Tuesday 4 November 2014

On this date: The bicentenary of the Swedish-Norwegian union

200 years ago today Norway and Sweden formed a union of crowns when the Norwegian Parliament passed a revised Constitution and elected King Carl XIII of Sweden King of Norway. The union was formalised by the Act of Union the following year.
Despite what some people, perhaps particularly foreigners, seem to think, the union did not in any way mean that Norway became part of Sweden (or the other way around) or that the two countries became one state. It was in fact one of the loosest unions in history, the two countries sharing only the King and, as foreign policy was considered a royal prerogative, the foreign service. The relationship between the two countries can perhaps best be compared to the relationship between Britain and Hanover between 1714 and 1837.

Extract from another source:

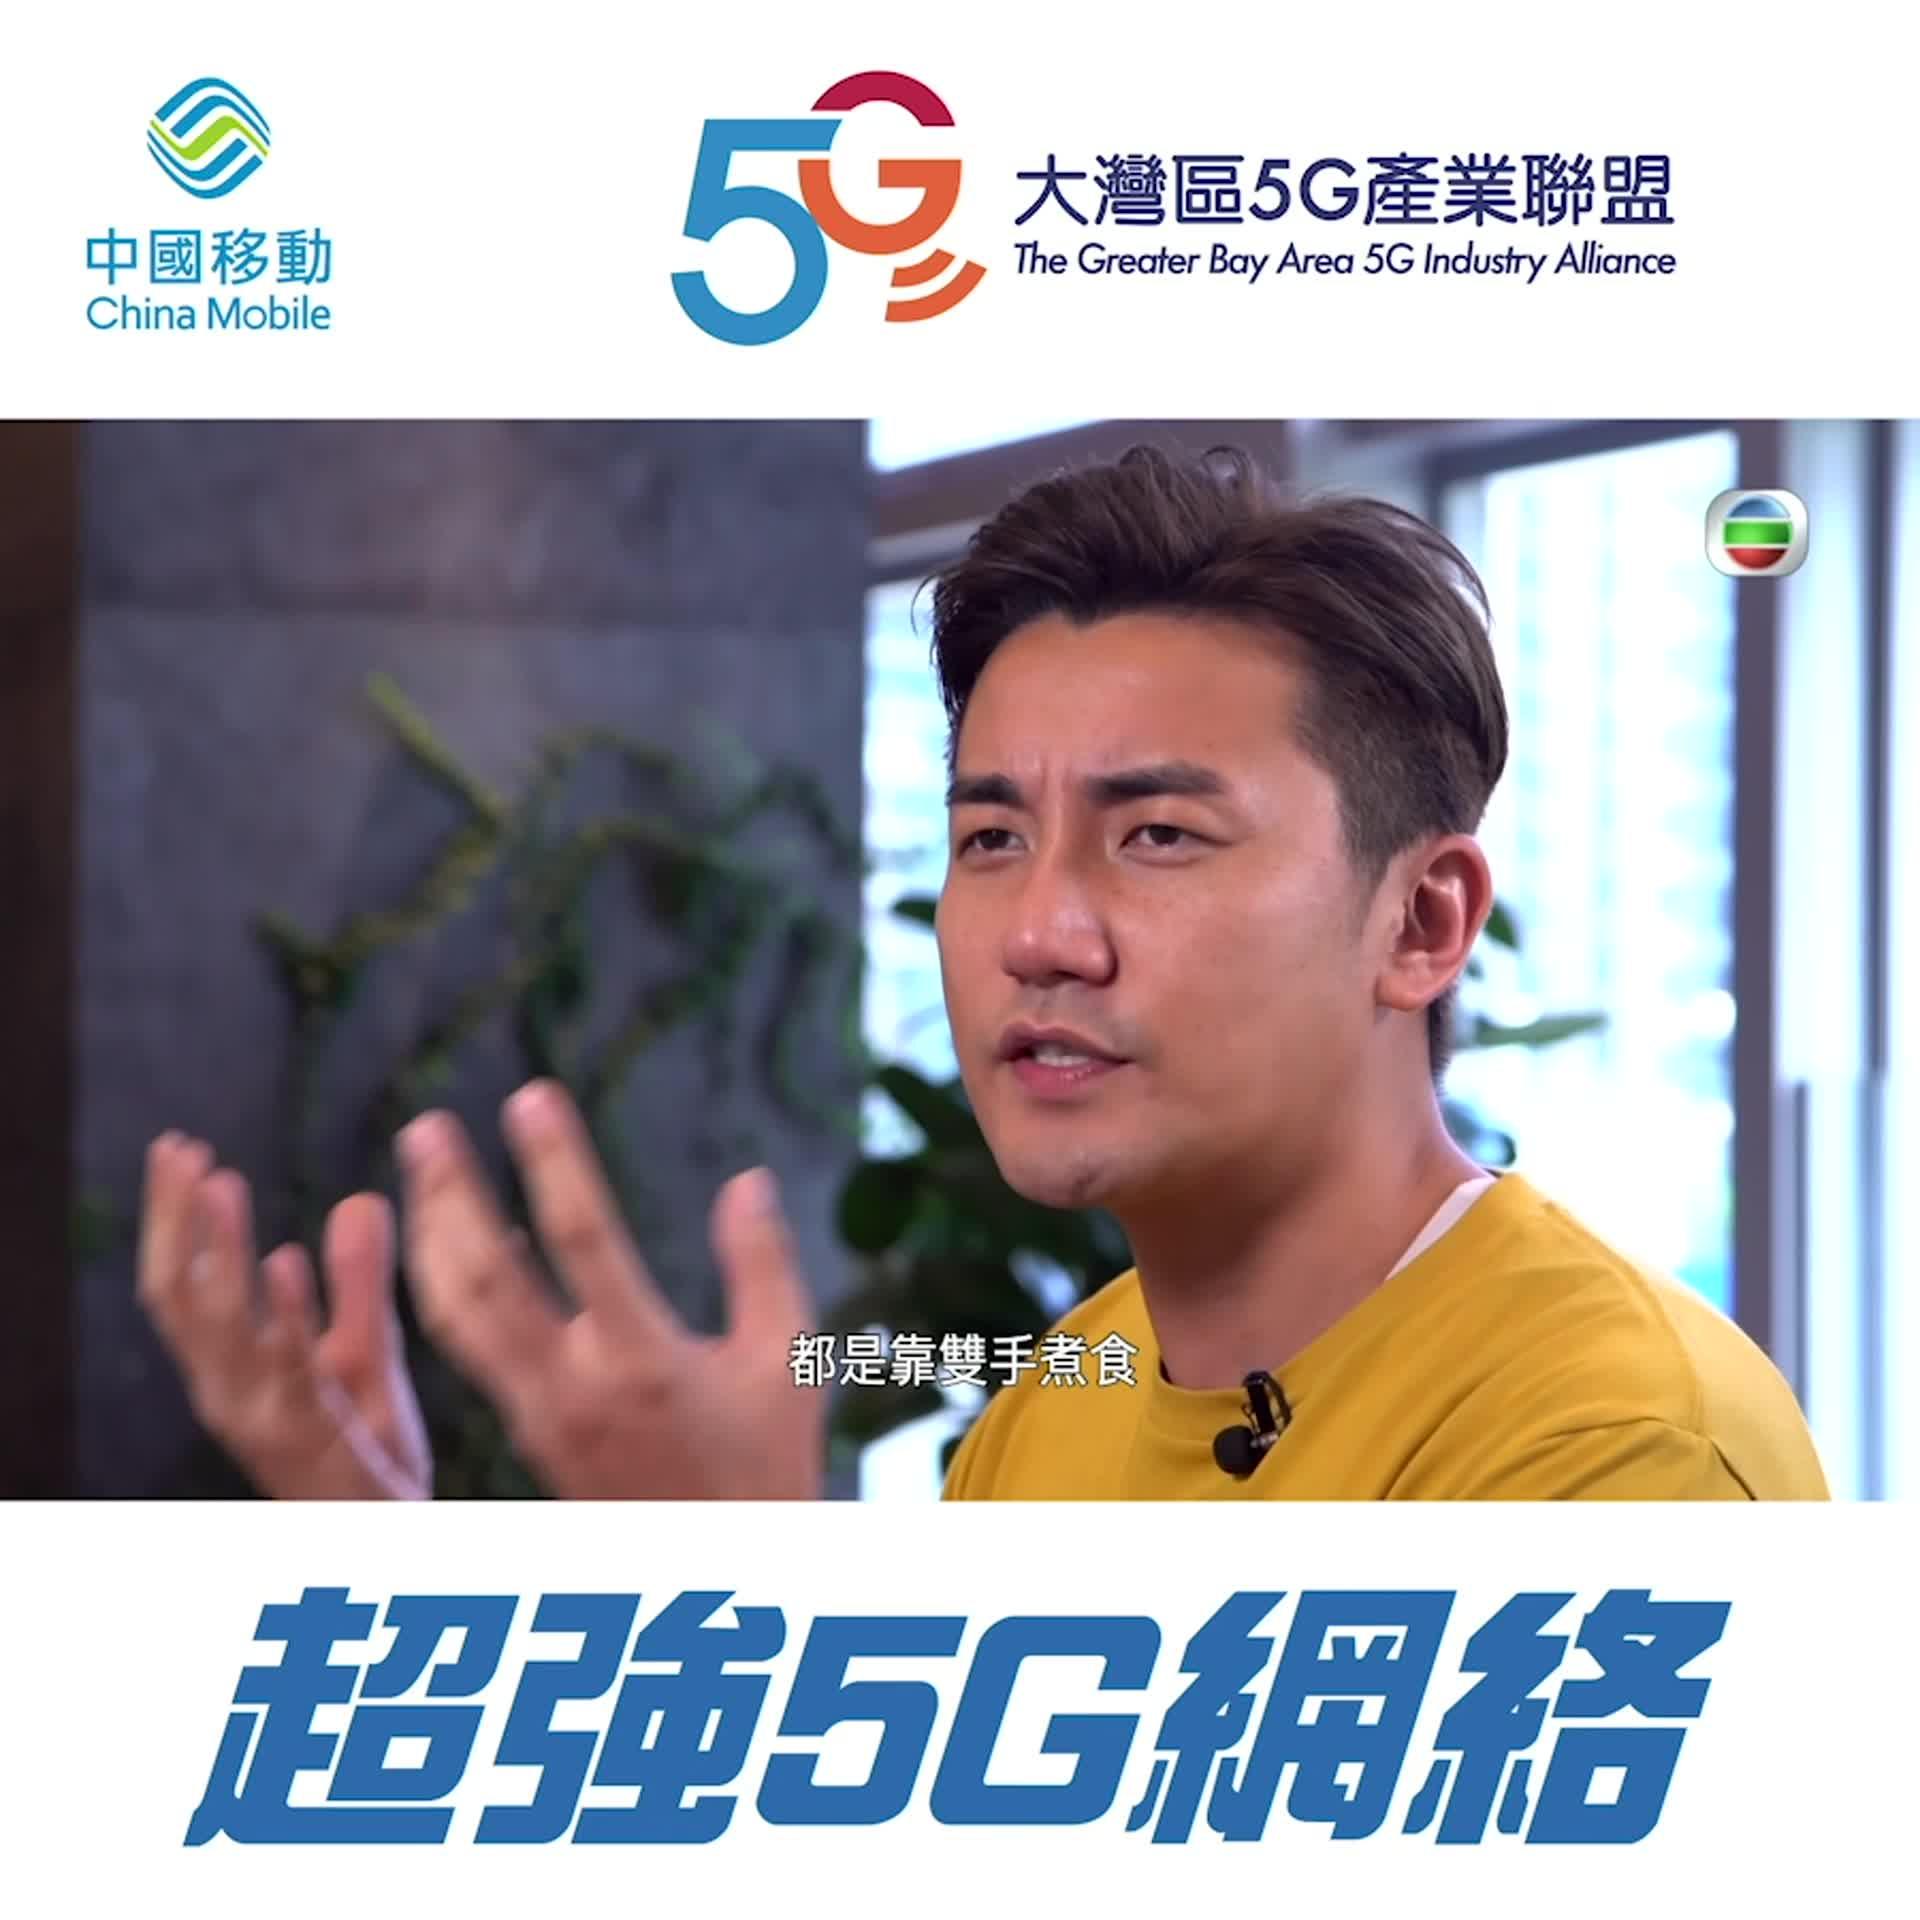 【5G改寫我們的故事】機械人一手包辦 煮食送餐上樓送外賣

The Swedes liked to refer to the two countries as "the United Kingdoms of Sweden and Norway" (the term seems to have been less popular in Norway), but the plural spells out the difference from "the United Kingdom of Great Britain and (Northern) Ireland".

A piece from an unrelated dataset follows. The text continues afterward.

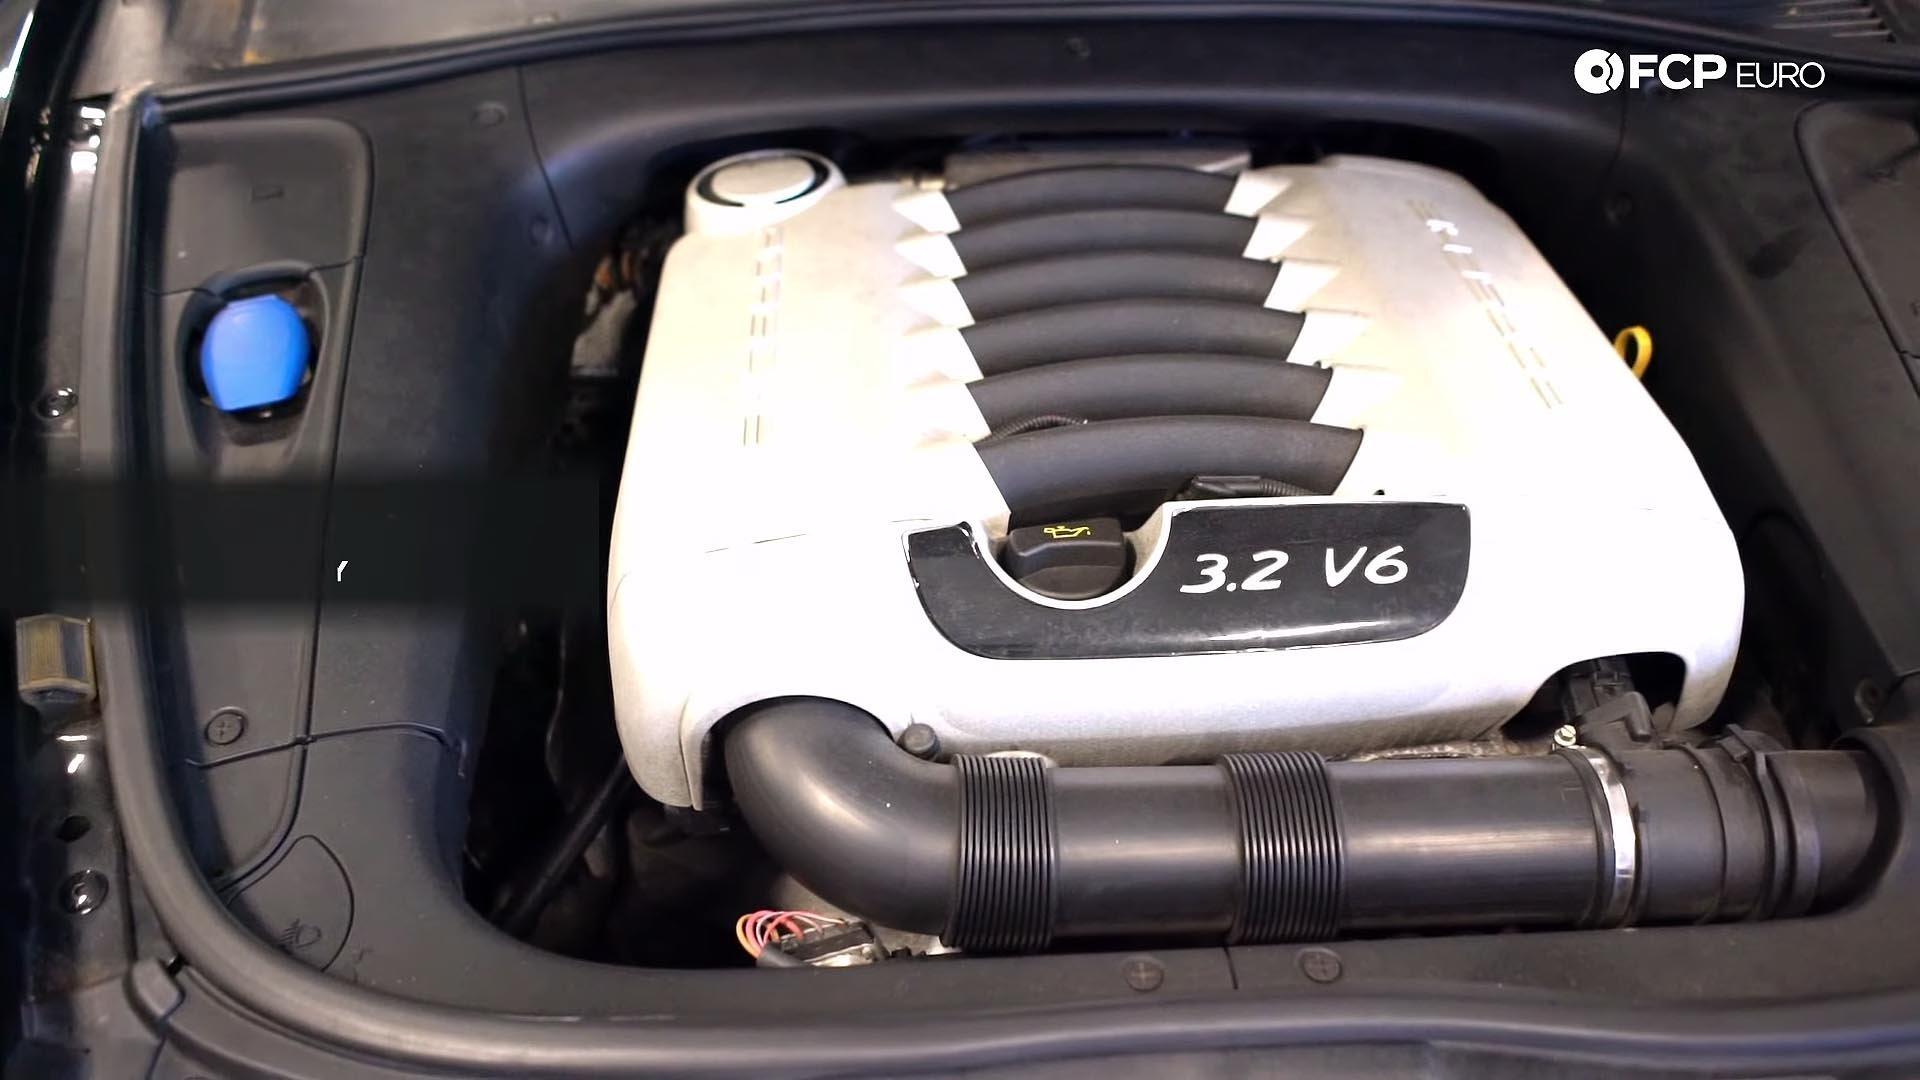 06_955 Porsche Cayenne Base 3.2 VR6 engine bay

The union was the brainchild of the Swedish Crown Prince Carl Johan, who hoped eventually to achieve an amalgamation of the two countries. In this he failed, but after his rather turbulent reign there followed what has subsequently been called "the happy days of the union". Clouds began to gather in the reign of Carl XV, and from the 1880s there were numerous conflicts and crisis until the Norwegian Parliament unilaterally deposed Oscar II on 7 June 1905 and Norway thereby withdrew from the union. Following negotiations between the two countries in Karlstad in the autumn, the union was formally dissolved on 26 October 1905 after both parliaments had ratified the Treaty of Karlstad and Oscar II abdicated the crown of Norway.
The union has subsequently had a very bad press in Norway, the bitterness of the political disputes having overshadowed the fact that it was also a time of economic and cultural blossoming.
Commemorations of the bicentenary have been fairly low-key, with conferences taking place yesterday and today and by a speech by the Speaker of Parliament at the start of today's parliamentary sitting.